| PROVIDED DATA |
····················

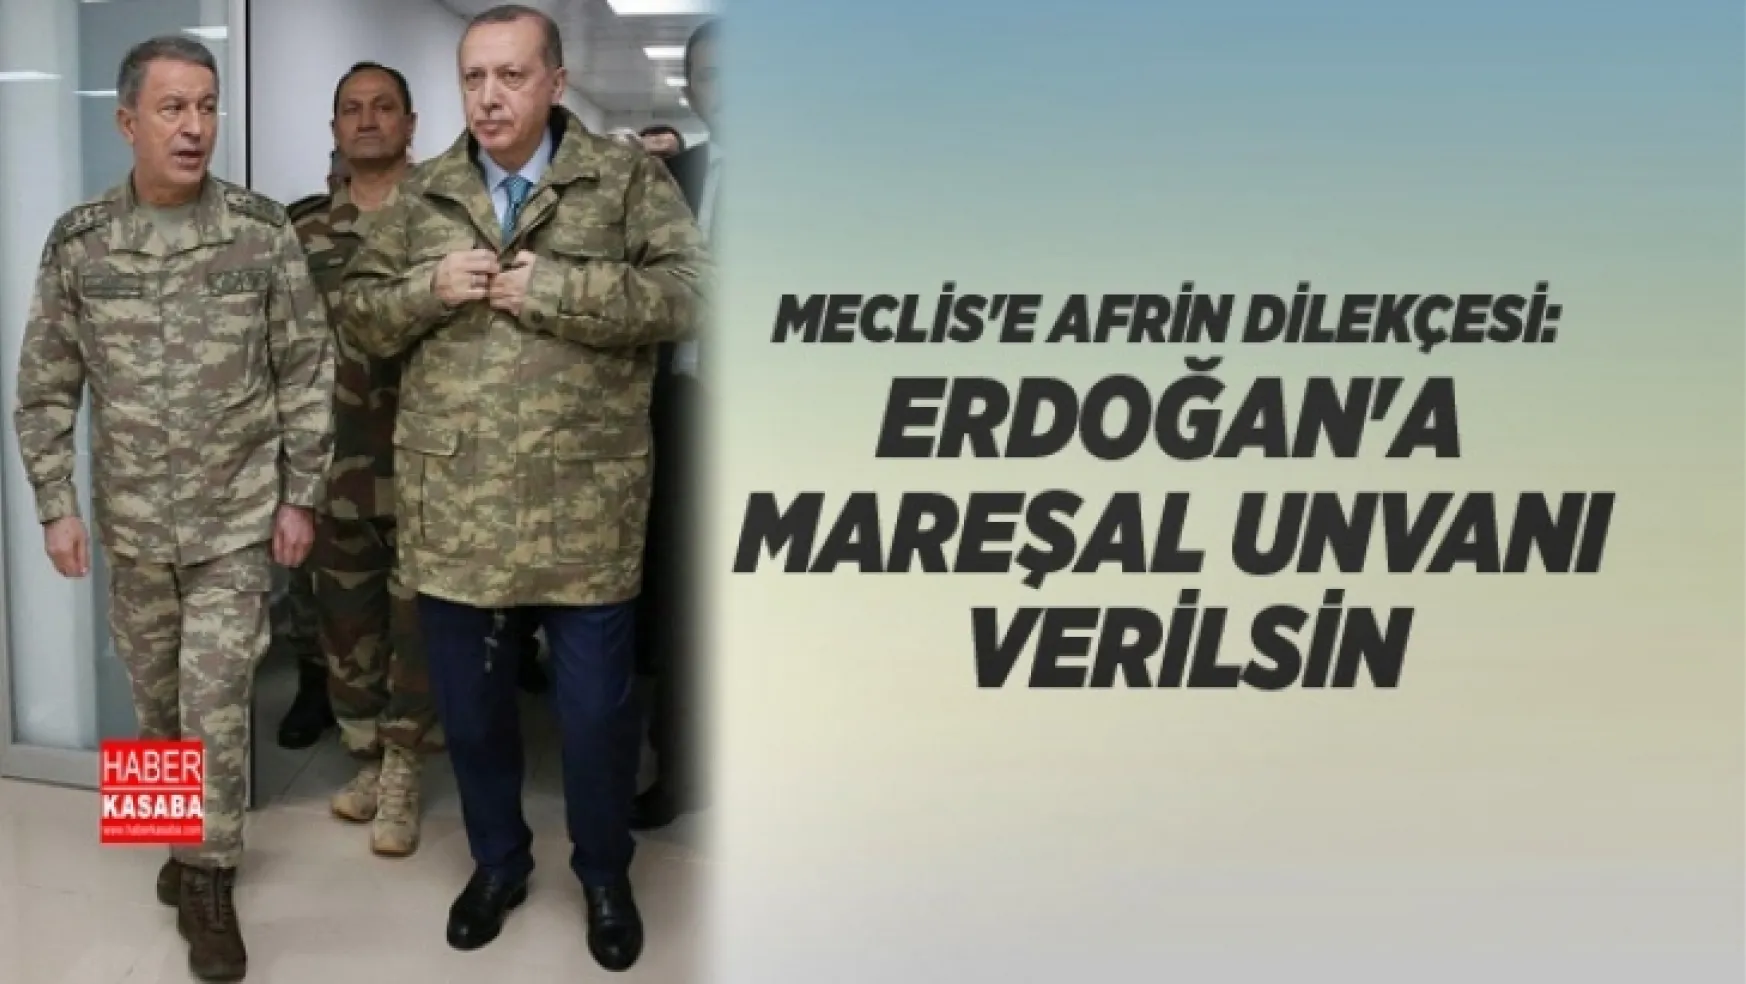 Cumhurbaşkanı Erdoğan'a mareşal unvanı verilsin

····················

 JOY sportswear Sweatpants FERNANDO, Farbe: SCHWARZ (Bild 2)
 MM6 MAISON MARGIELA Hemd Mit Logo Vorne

····················

| TASK PROMPT |
From the records above, transcribe exactly the run of lines that opens with the line holding "JOY sportswear Sweatpants" and closes with the line holding "MM6 MAISON MARGIELA Hemd Mit Logo Vorne", both included.

| SOLUTION |
 JOY sportswear Sweatpants FERNANDO, Farbe: SCHWARZ (Bild 2)
 MM6 MAISON MARGIELA Hemd Mit Logo Vorne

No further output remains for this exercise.